Pango, known for its digital parking services app, offers a range of services to its users, including express parking, car washing, parking space location, refueling services, and collaboration with the Shagrir company for rescue services.
The Weil family is one of the richest families in Israel but maintains a relatively low profile. It previously sold its shares in Osem to Nestlé in 1997 and in the past also controlled energy company Enlight alongside Shaul Elovitch.
The Weil family held 100% of Pango until 2020 when it sold a 44% stake at a company value of NIS 550 million.
Gett was founded 14 years ago by Dave Waiser and Roi More, who have not been actively involved in the company for years.
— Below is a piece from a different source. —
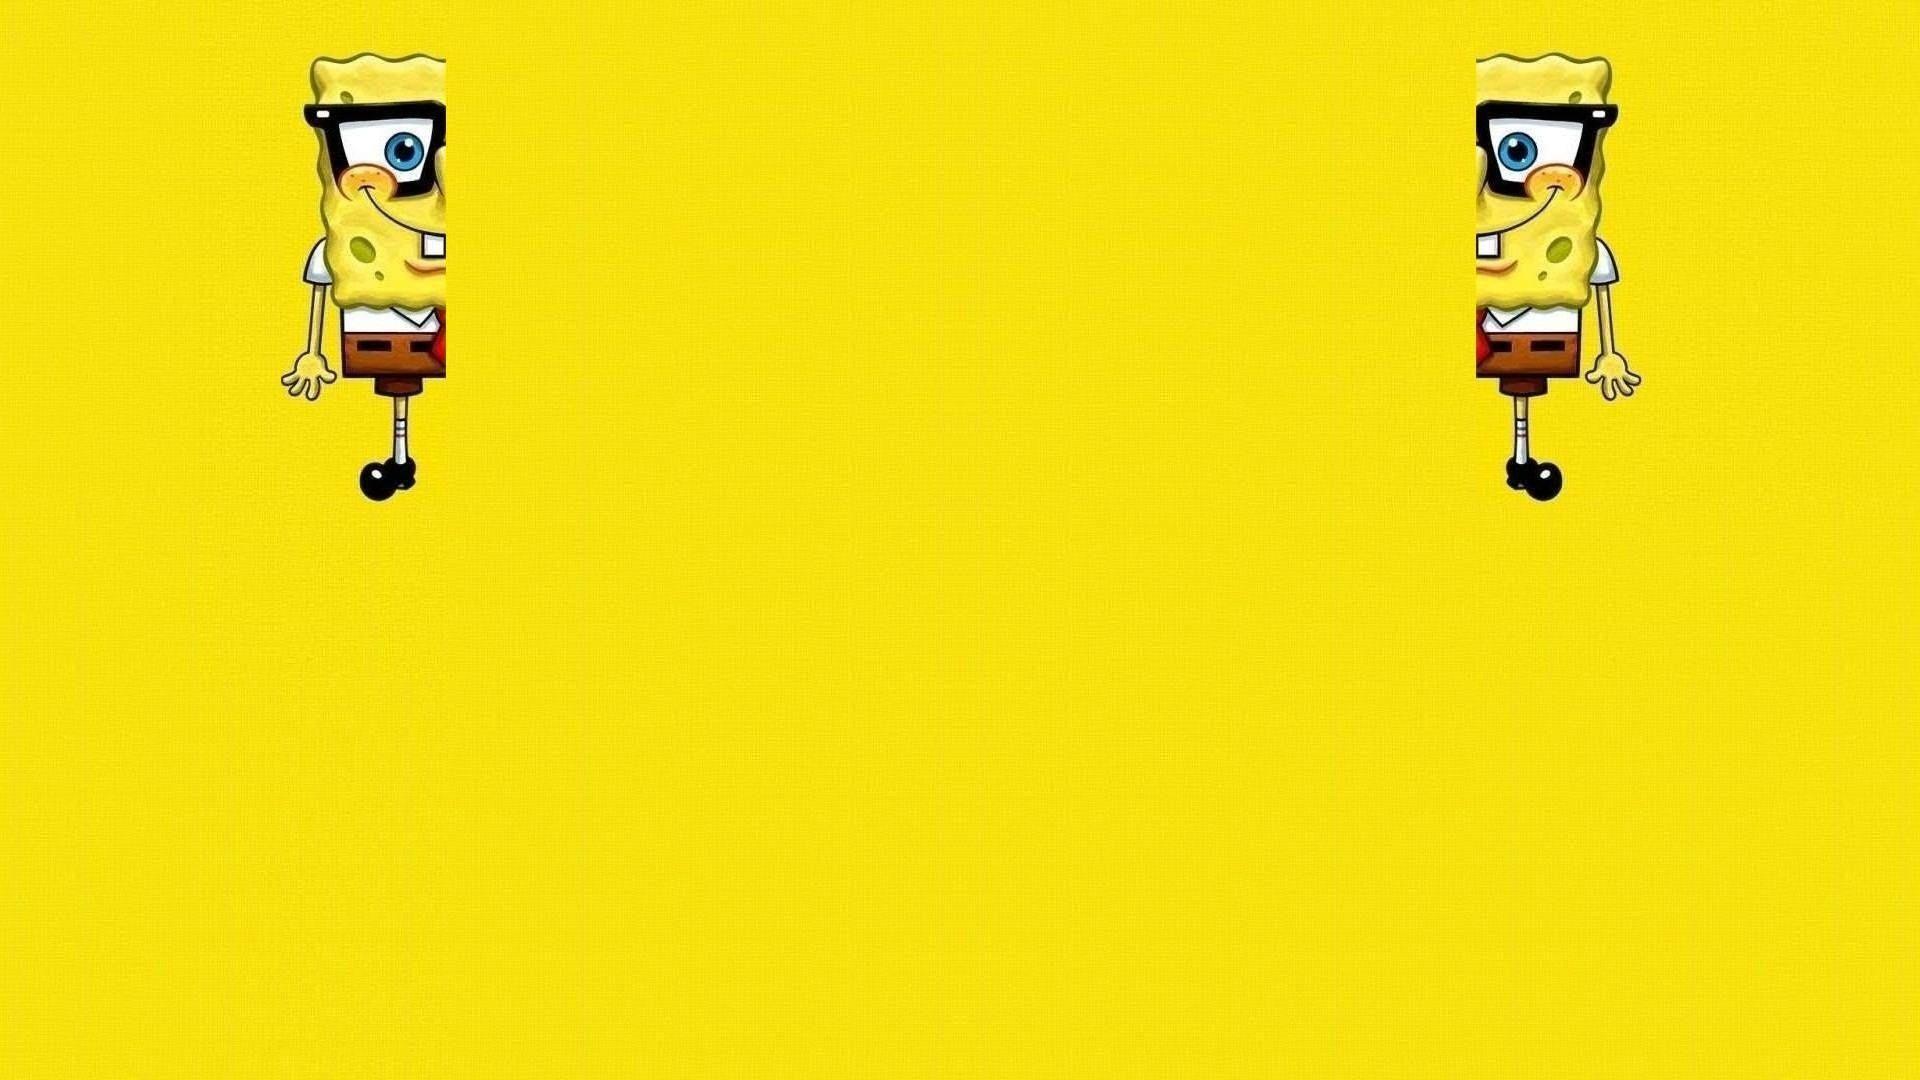 Gambar lucu bergerak ppt gambucu for Spongebob powerpoint template

Gett announced Waiser's departure in May 2022. Max Krasnykh and Matteo de Renzi, who were previously COO and Managing Director of GTM and UK, respectively, replaced Waiser as co-CEOs.
The company initially operated in the U.S., Russia, the UK, and Israel, but over the years, it withdrew from Russia and the U.S. In 2019, Gett pursued an IPO on Nasdaq at a valuation of $1.1 billion through a merger with a SPAC named Rosecliff Acquisition Corp I. The potential IPO caused discontent among employees who were disappointed by the low valuation compared to the options they held.
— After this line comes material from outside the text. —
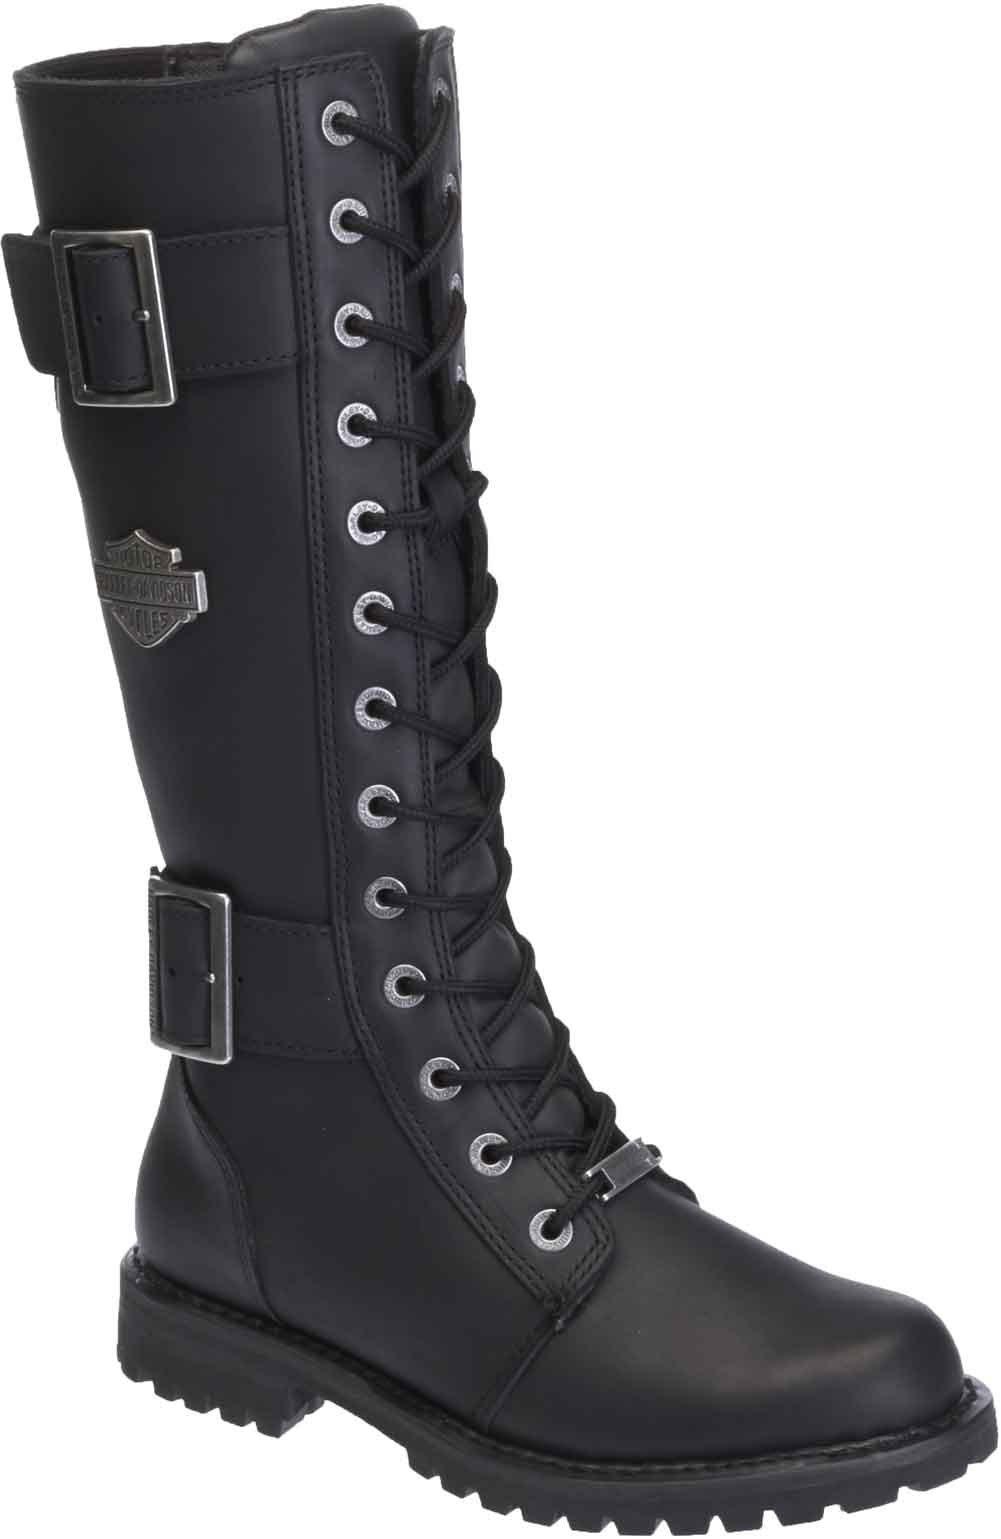 Harley-Davidson Women's Belhaven Knee-High Motorcycle Boots. D87082 (Black 11)

In 2020, the company announced a round of funding totaling $100 million at a valuation of $1.5 billion and postponed the IPO. The merger with the SPAC was expected to inject $250 million into the company.
In April 2022, the IPO was canceled, and simultaneously, Gett announced its exit from operations in Russia, which, along with Great Britain and Israel, had been one of its three main markets since exiting the U.S. in 2018. The exit from Russia was due to the sanctions imposed by the U.S. on Russia following the war with Ukraine and fierce competition with Yandex.
A month after the IPO cancellation, Waiser announced his departure from the company.
In a recent report to investors, VNV stated that Gett would focus in the coming period on product improvement, solutions for business travelers, and new business opportunities.
The exit from Russia has improved Gett's financial situation, reducing cash burn significantly and transitioning to a new operating model. Instead of offering taxi transportation services, Gett now defines itself as a corporate software company for organizations (B2B). It operates a cloud-based software platform that enables the booking of trips by taxis, limousines, and private cars. This service is offered to organizations worldwide, establishing active partnerships with over 2,000 organizations.